COLLECTED MATERIAL:
++++++++++++++++++++
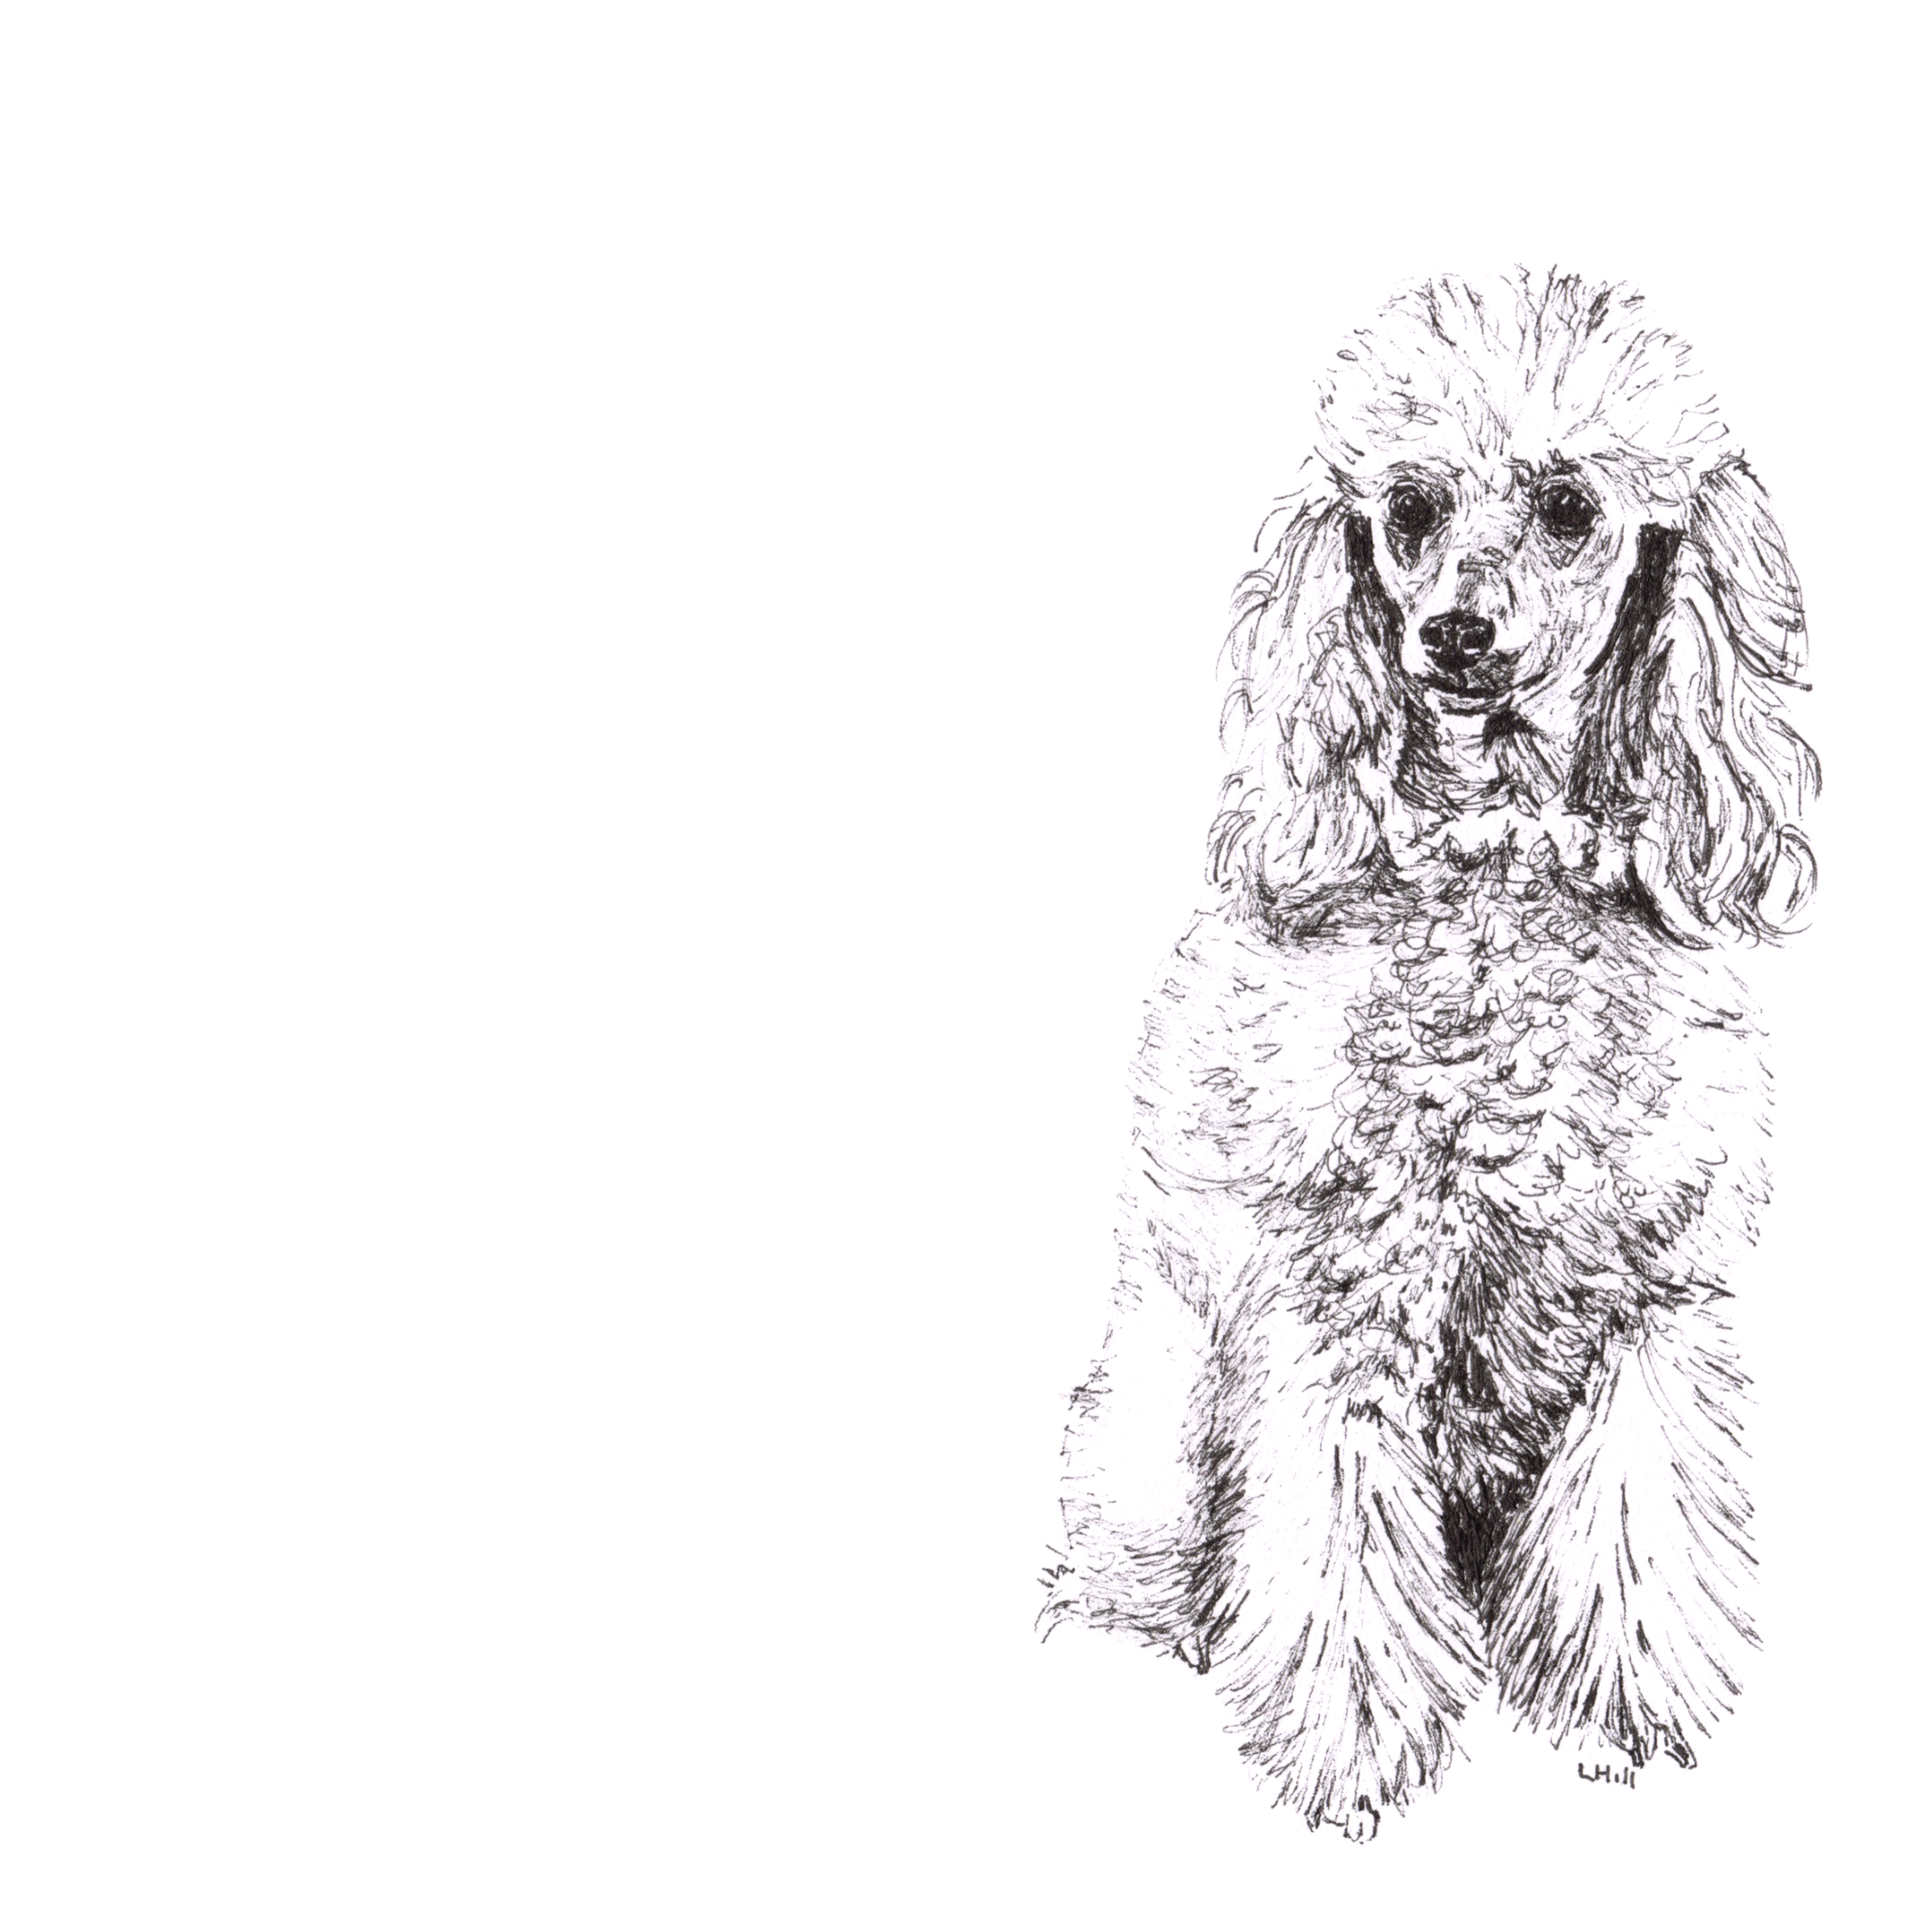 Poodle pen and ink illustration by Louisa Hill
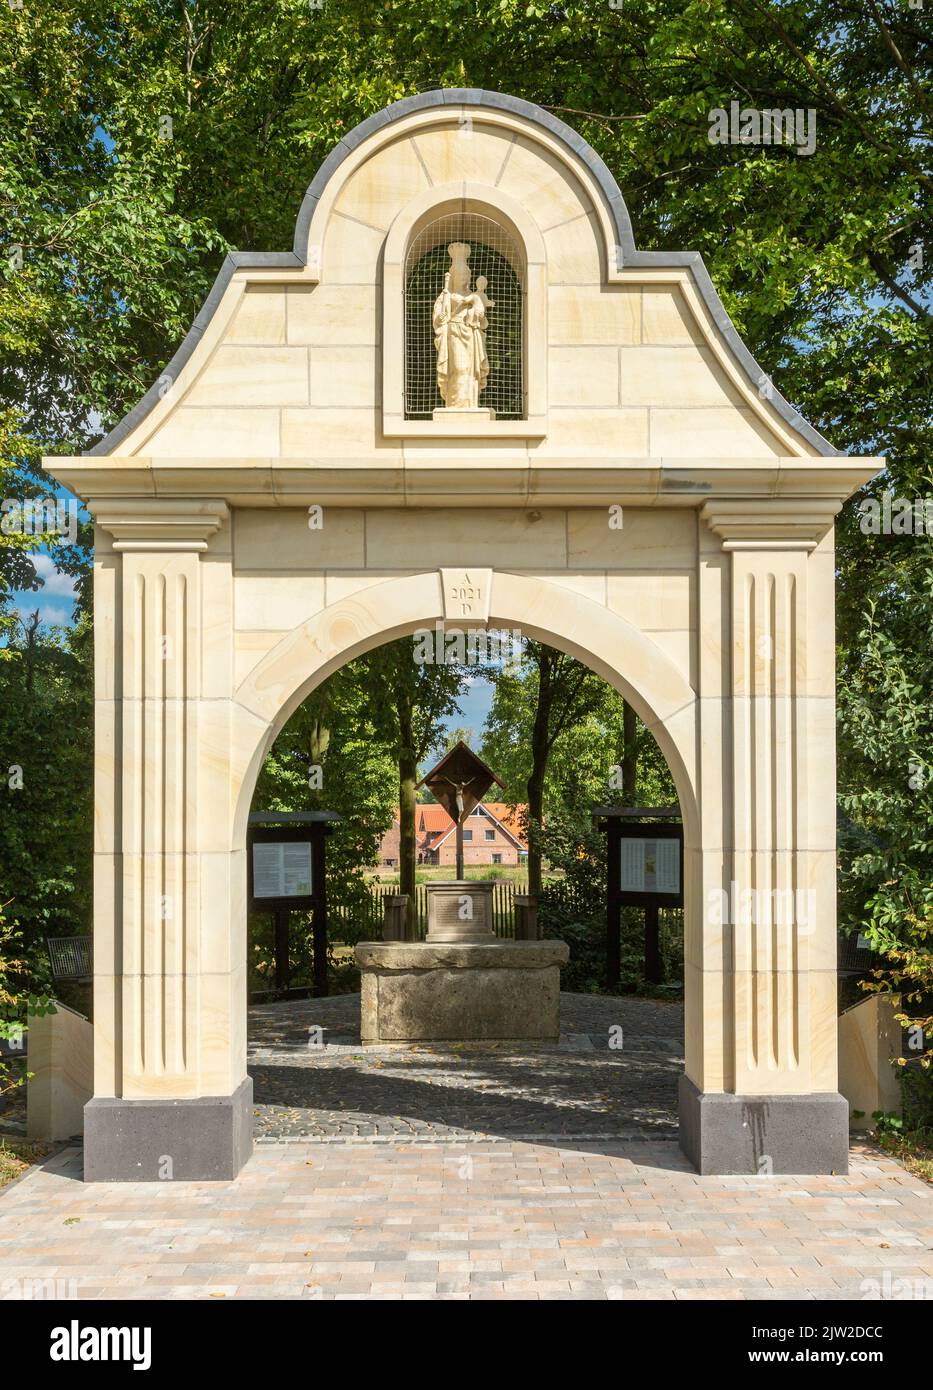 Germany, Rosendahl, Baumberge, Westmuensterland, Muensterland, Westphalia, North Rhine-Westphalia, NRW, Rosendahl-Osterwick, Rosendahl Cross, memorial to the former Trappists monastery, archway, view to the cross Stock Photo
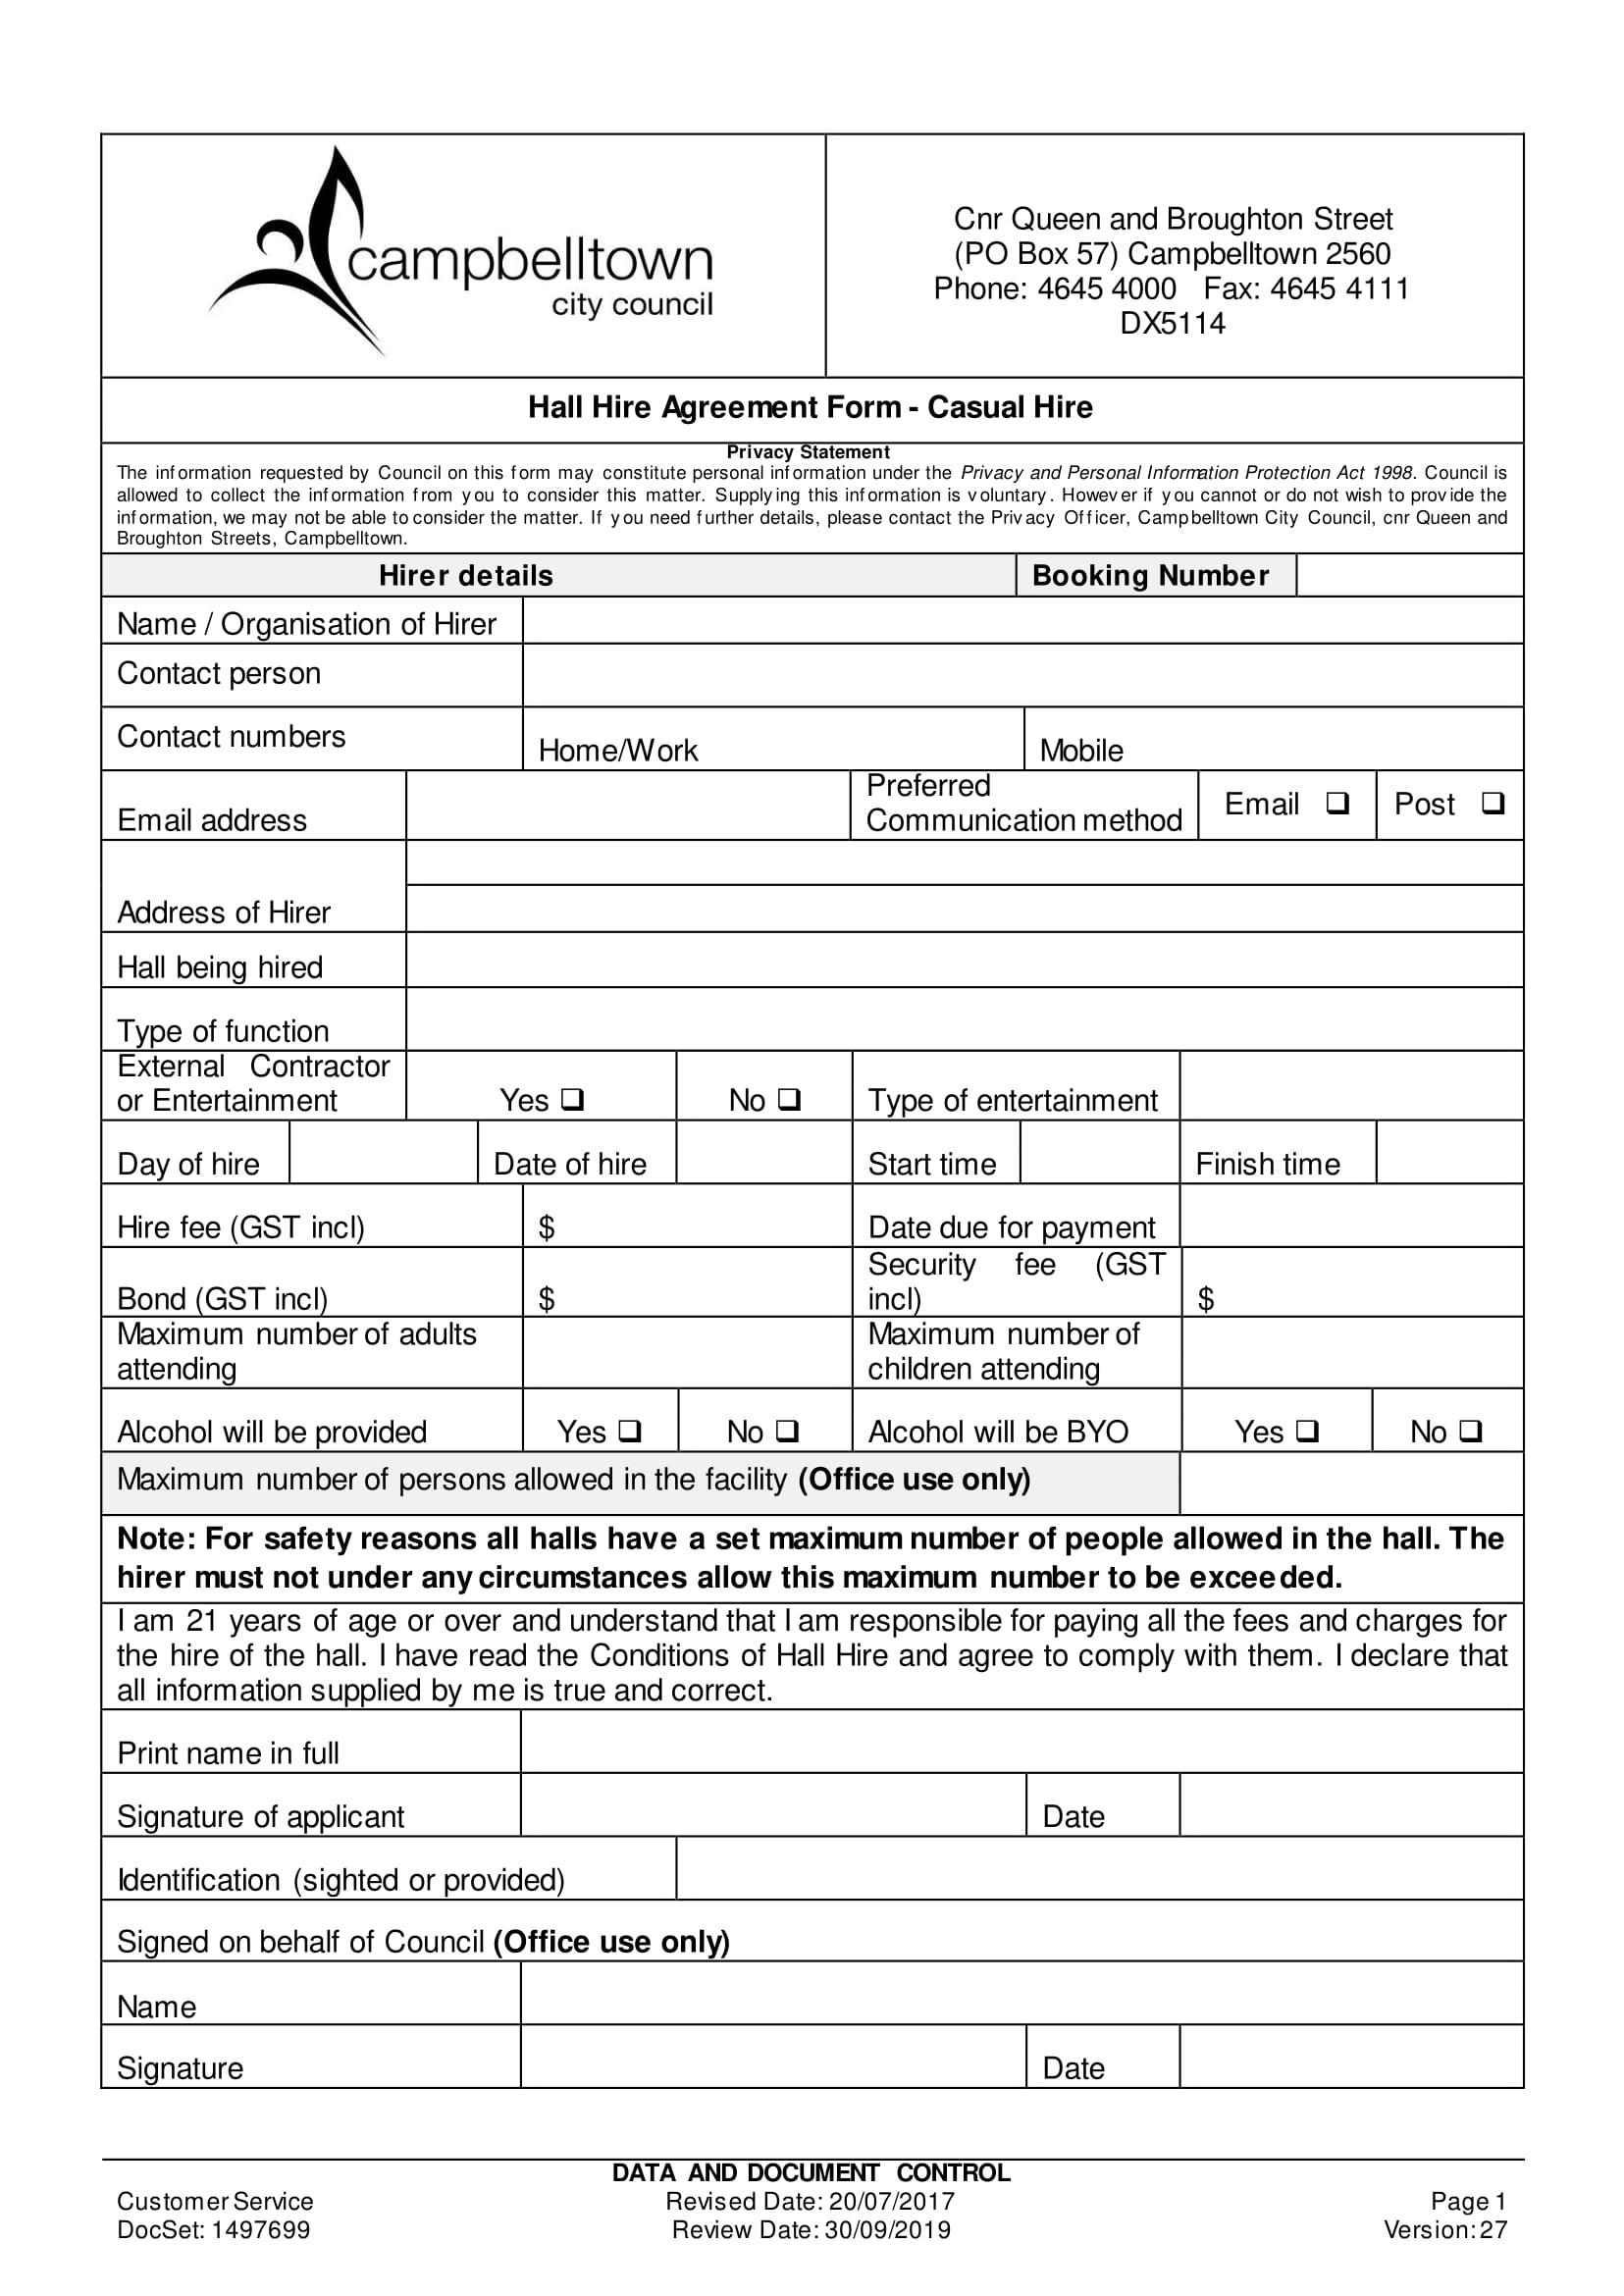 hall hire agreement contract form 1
++++++++++++++++++++
REQUIREMENT: When you return the listing, keep it exact and omit any pictures it holds.

SOLUTION TO THIS EXERCISE:
 Poodle pen and ink illustration by Louisa Hill
 Germany, Rosendahl, Baumberge, Westmuensterland, Muensterland, Westphalia, North Rhine-Westphalia, NRW, Rosendahl-Osterwick, Rosendahl Cross, memorial to the former Trappists monastery, archway, view to the cross Stock Photo
 hall hire agreement contract form 1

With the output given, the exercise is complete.